West Africa's main regional bloc ECOWAS has agreed a "D-day" for a possible military intervention should diplomatic efforts to reverse a coup there fail, a senior official said.
The date of the intervention was not disclosed but the ECOWAS force is ready to intervene "anytime the order is given", the official said on Friday following talks on the coup that ousted Mohamed Bazoum as president.
"We are ready to go anytime the order is given.
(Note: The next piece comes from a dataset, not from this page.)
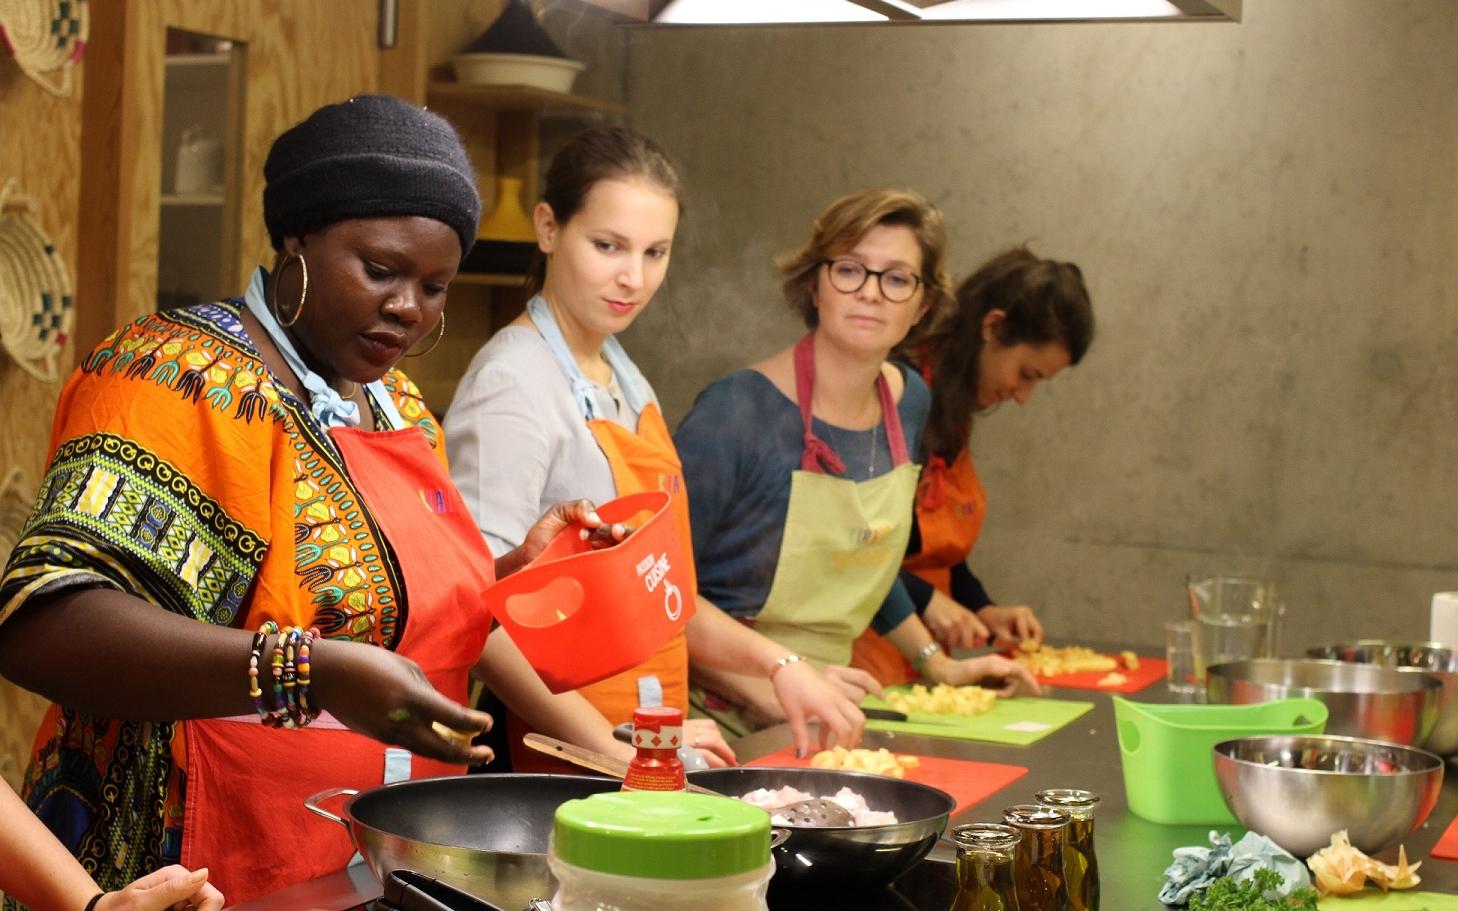 Cooking workshops of the world in Paris!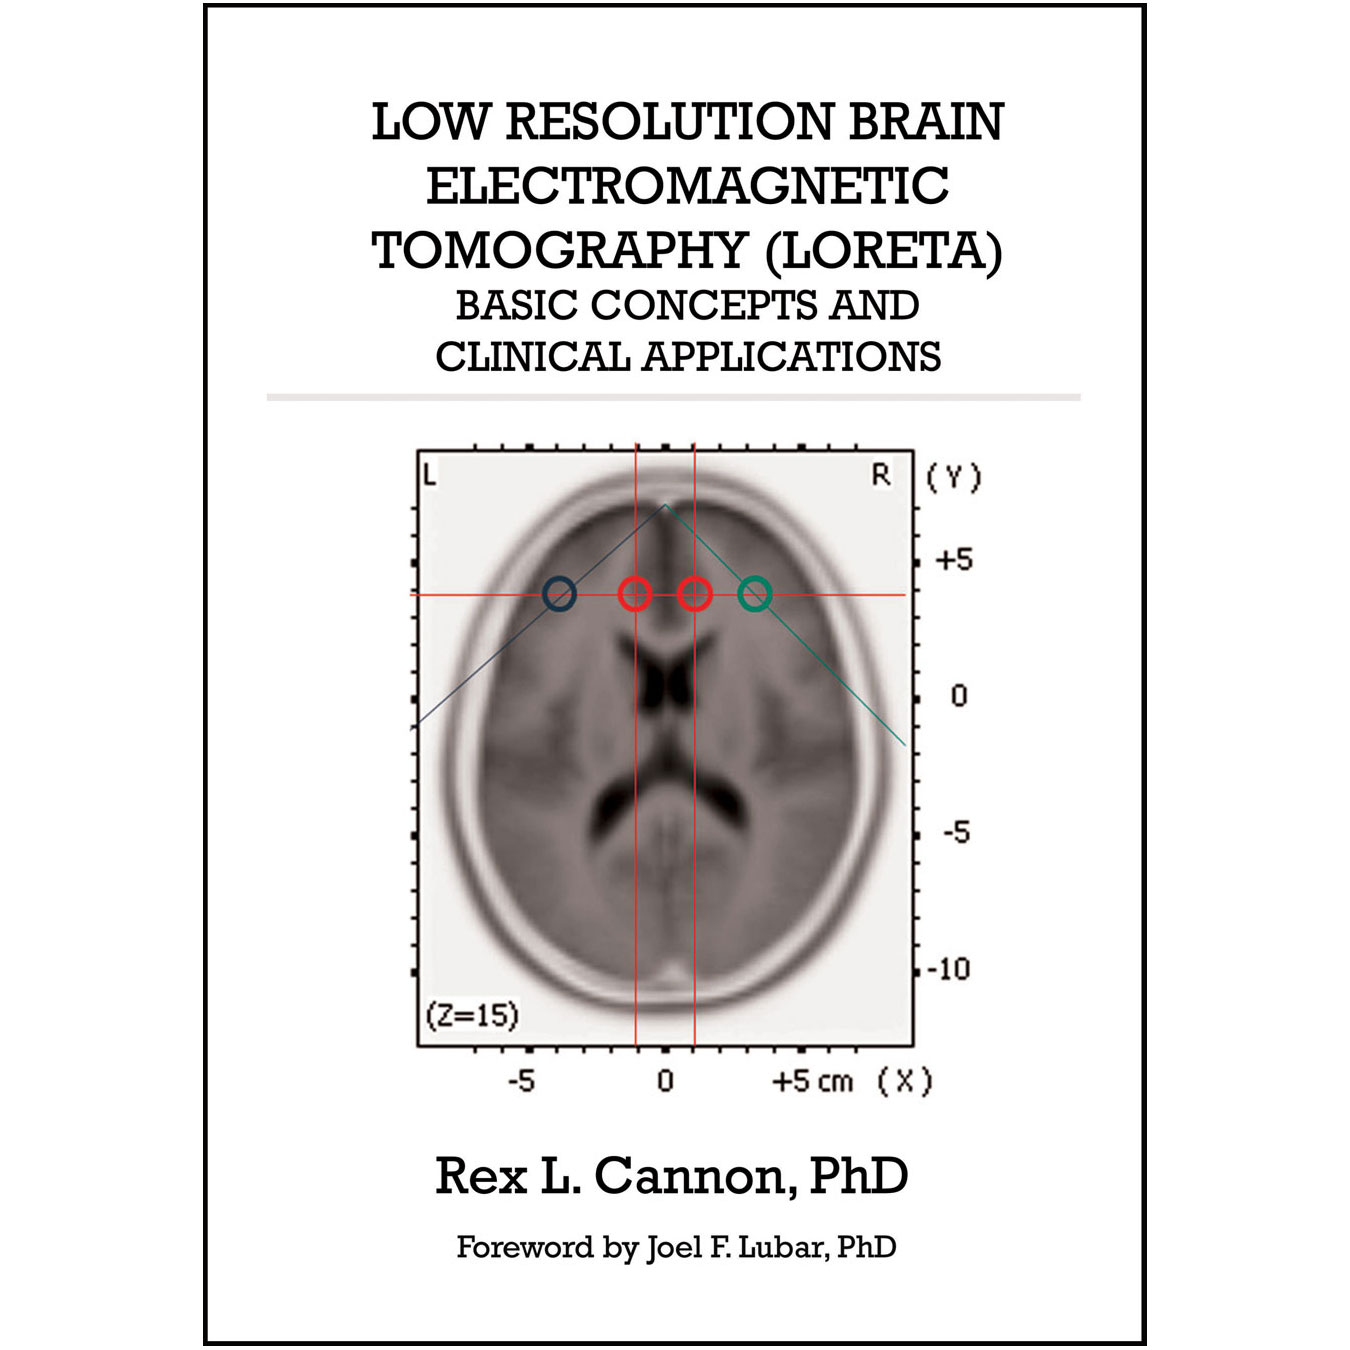 Low Resolution Brain Electromagnetic Tomography (front cover)

The D-Day is also decided," ECOWAS Commissioner for Political Affairs, Peace and Security Abdel-Fatau Musah said.
The decision was made during a two-day meeting of West African military chiefs held in Ghana's capital, Accra.
Last resort
ECOWAS previously said such action would be a last resort.
"As we speak we are still readying (a) mediation mission into the country, so we have not shut any door... (but) we are not going to engage in endless dialogue."
There was no immediate response from the junta.
Military officers deposed Nigerien President Mohamed Bazoum on July 26 and have defied calls from the United Nations, ECOWAS and others to reinstate him, prompting the bloc to order a standby force to be assembled.
Fine-tuned
"We've already agreed and fine-tuned what will be required for the intervention," Musah said, declining to share how many troops would be deployed and other strategic details.
Most of its 15 member states are prepared to contribute to the joint force excepting those also under military rule - Mali, Burkina Faso and Guinea - and Cape Verde, according to the bloc.
ECOWAS has taken a harder stance on the Niger coup, the wider region's seventh in three years, than it did on previous ones.